- WHAT IS EXPECTED:
You are asked to repeat the listing word for word and to leave out its pictures.

- INFORMATION SUPPLIED:

+++

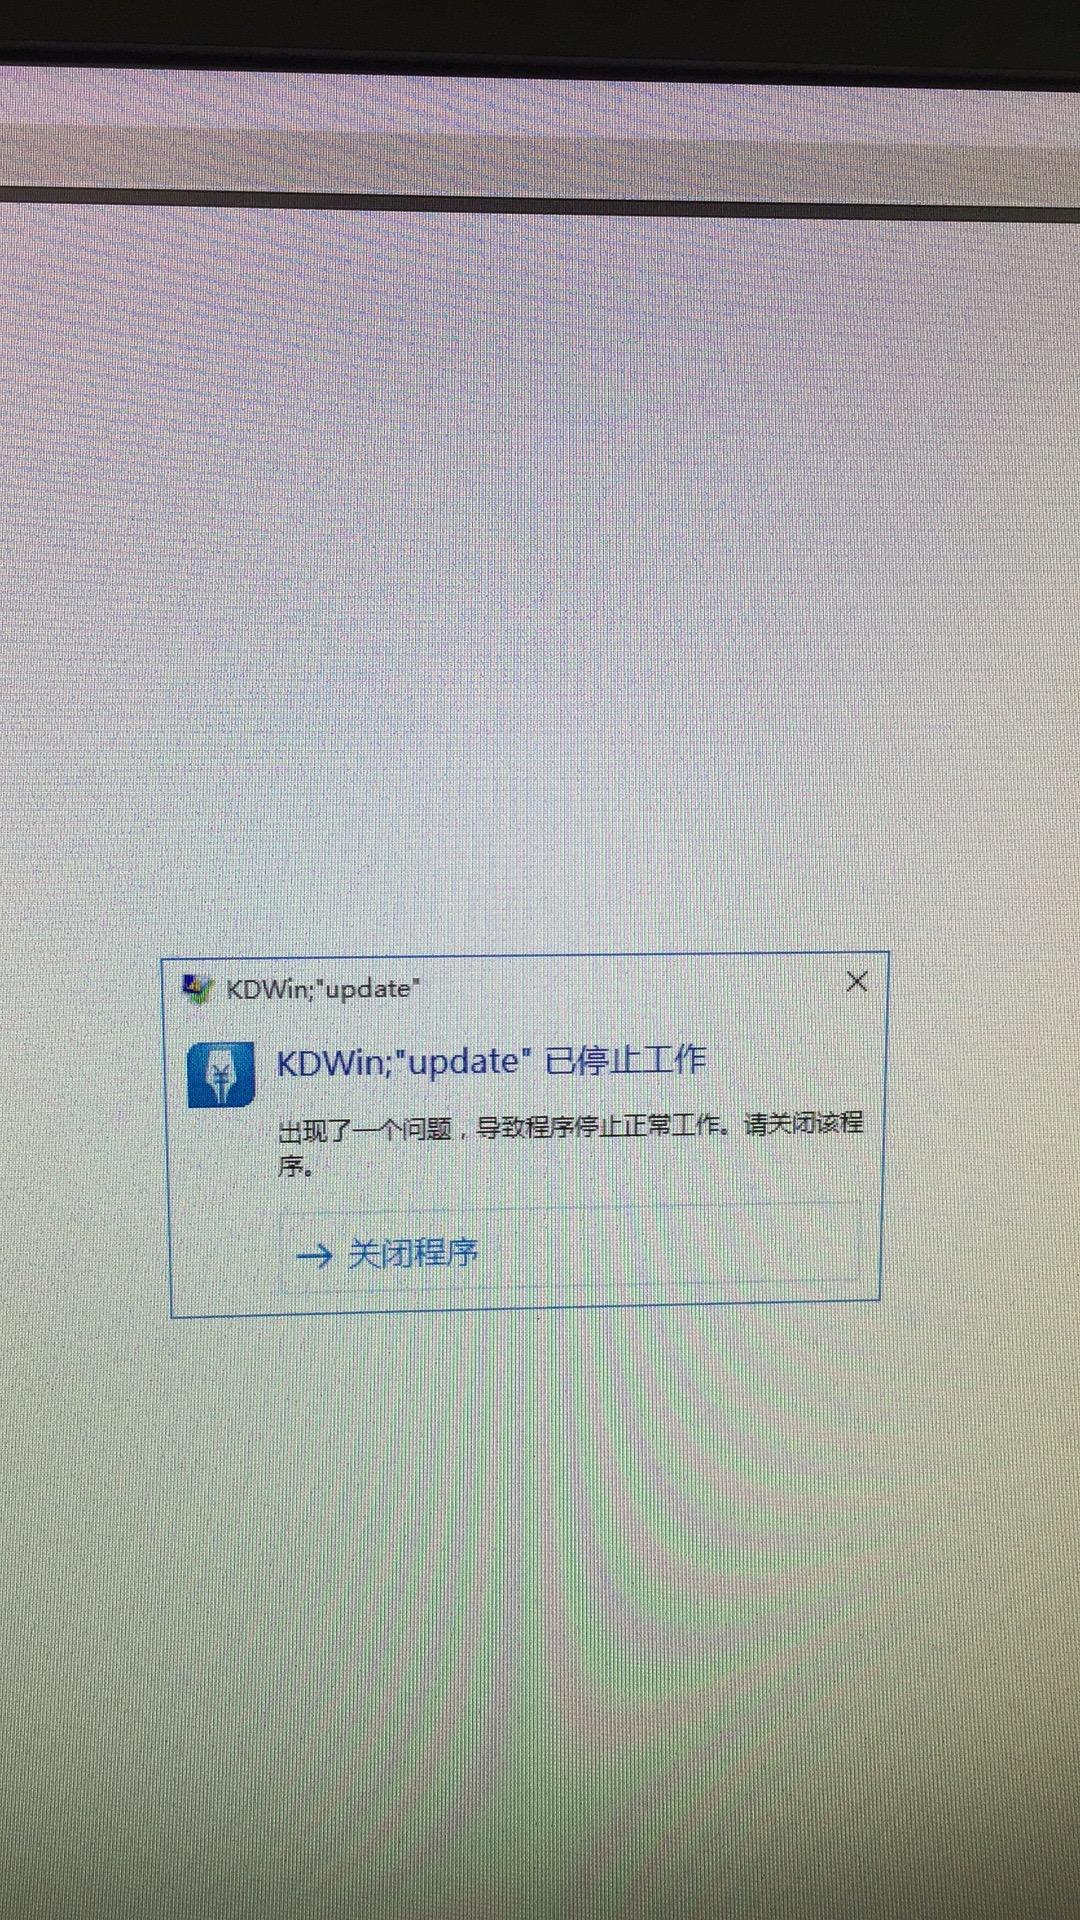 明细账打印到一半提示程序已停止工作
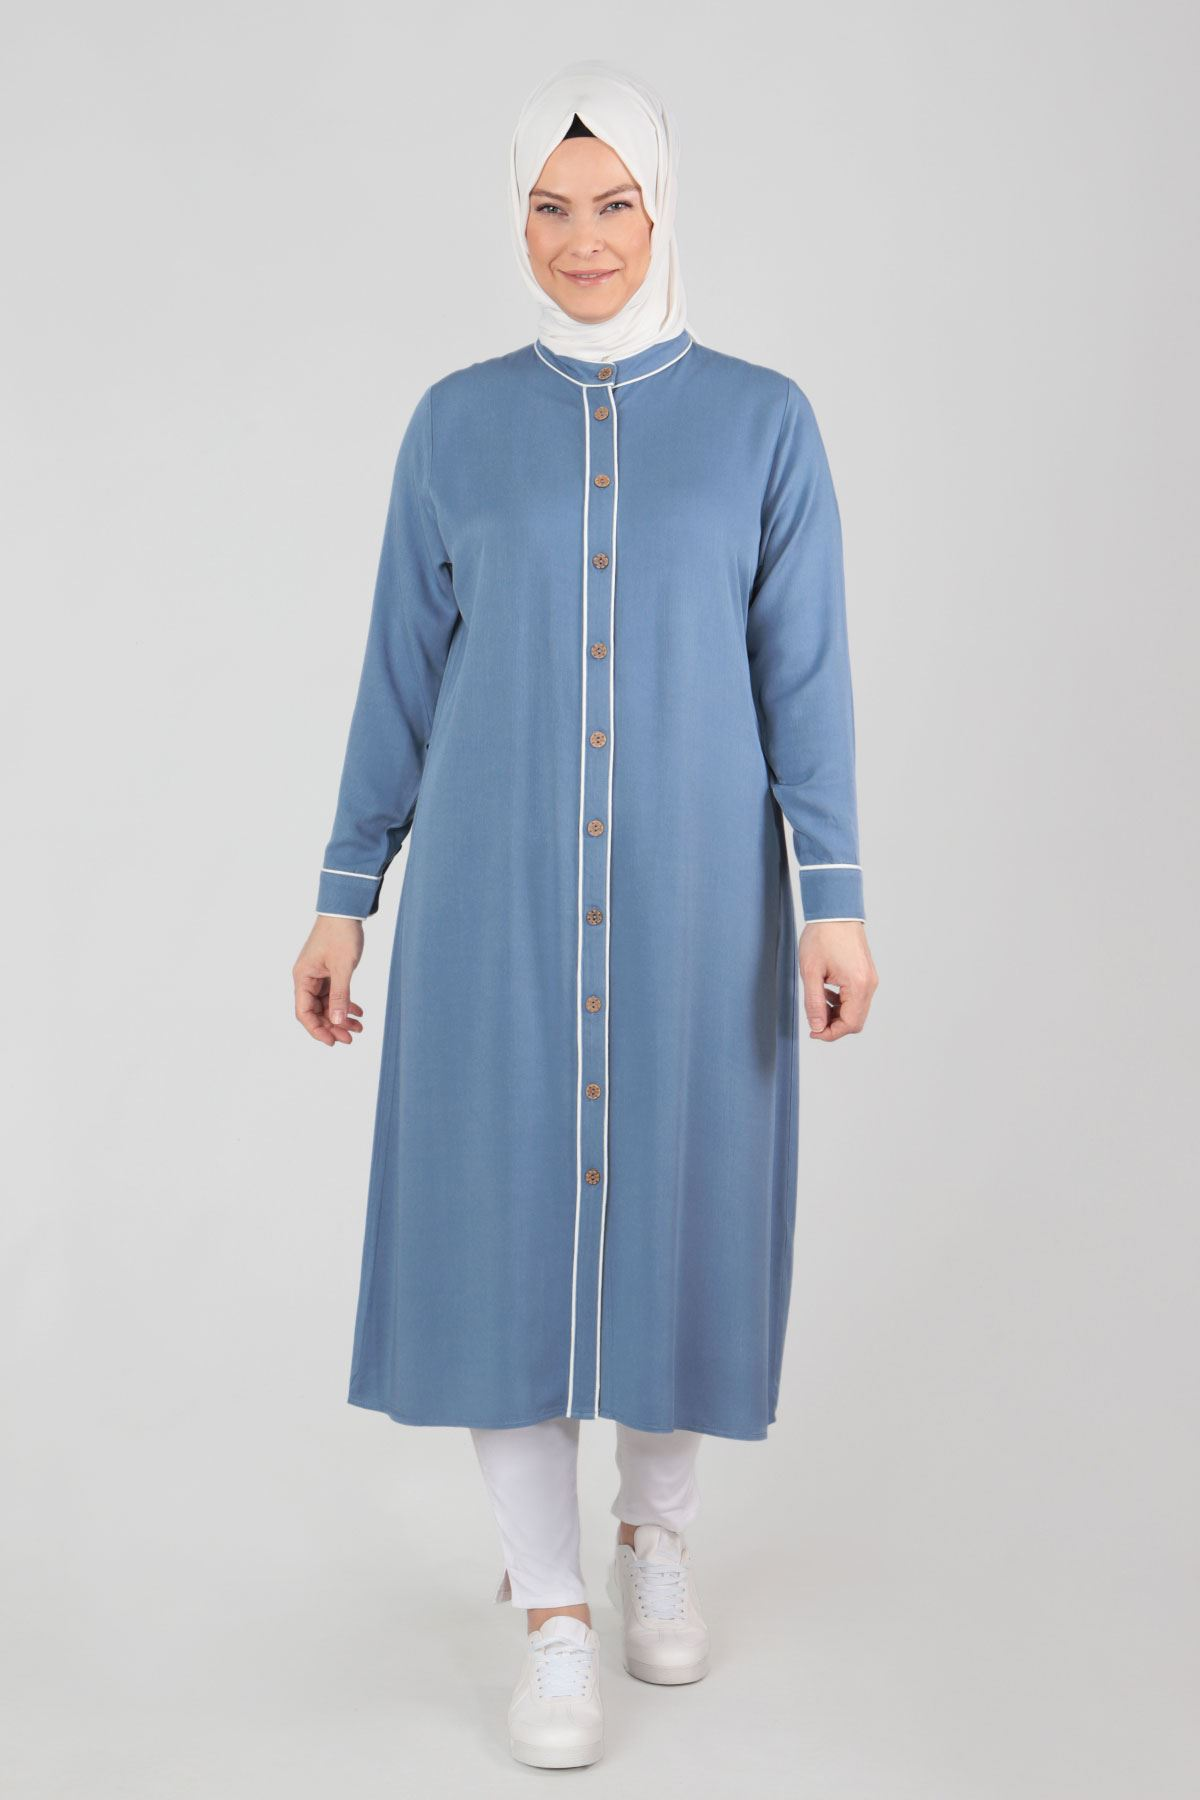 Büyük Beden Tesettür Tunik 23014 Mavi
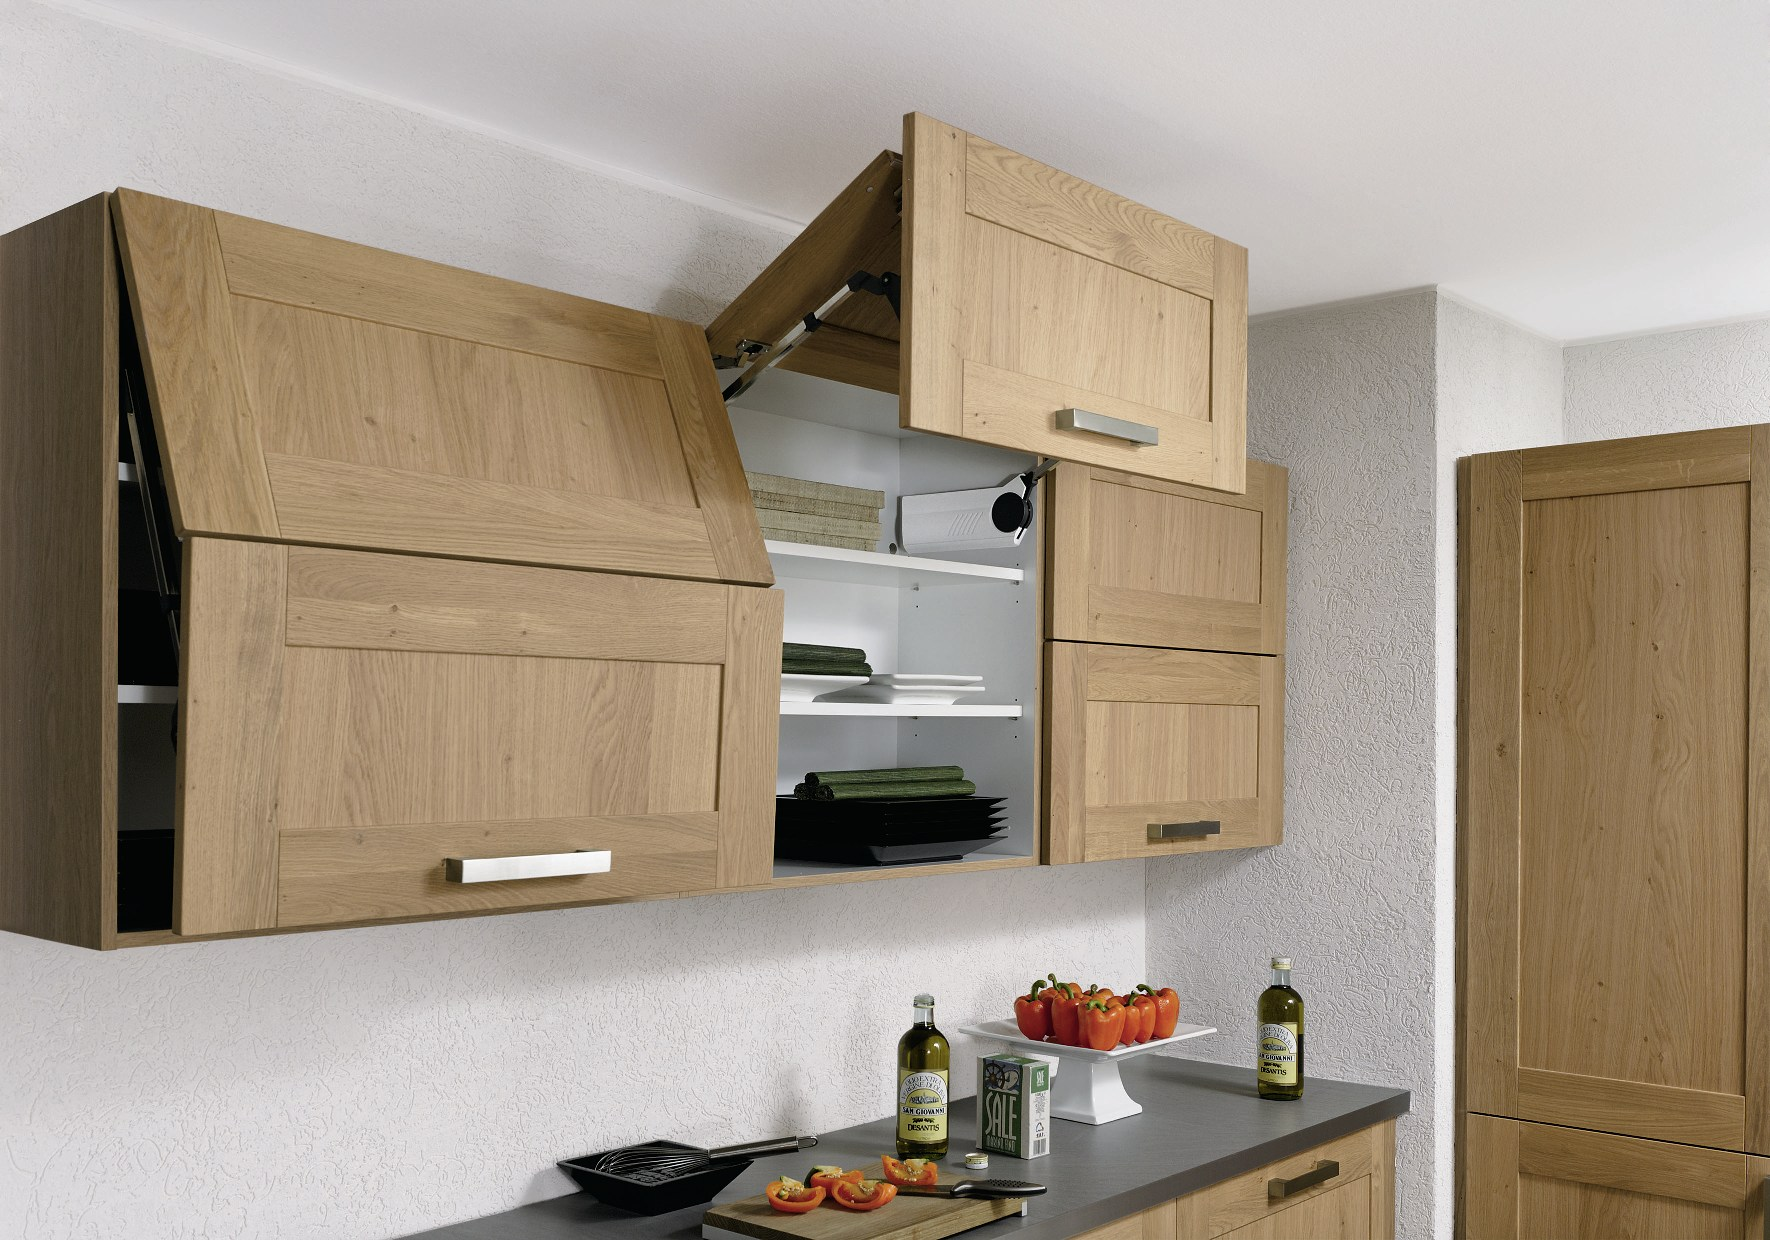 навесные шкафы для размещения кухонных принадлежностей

+++

- SOLUTION:
 明细账打印到一半提示程序已停止工作
 Büyük Beden Tesettür Tunik 23014 Mavi
 навесные шкафы для размещения кухонных принадлежностей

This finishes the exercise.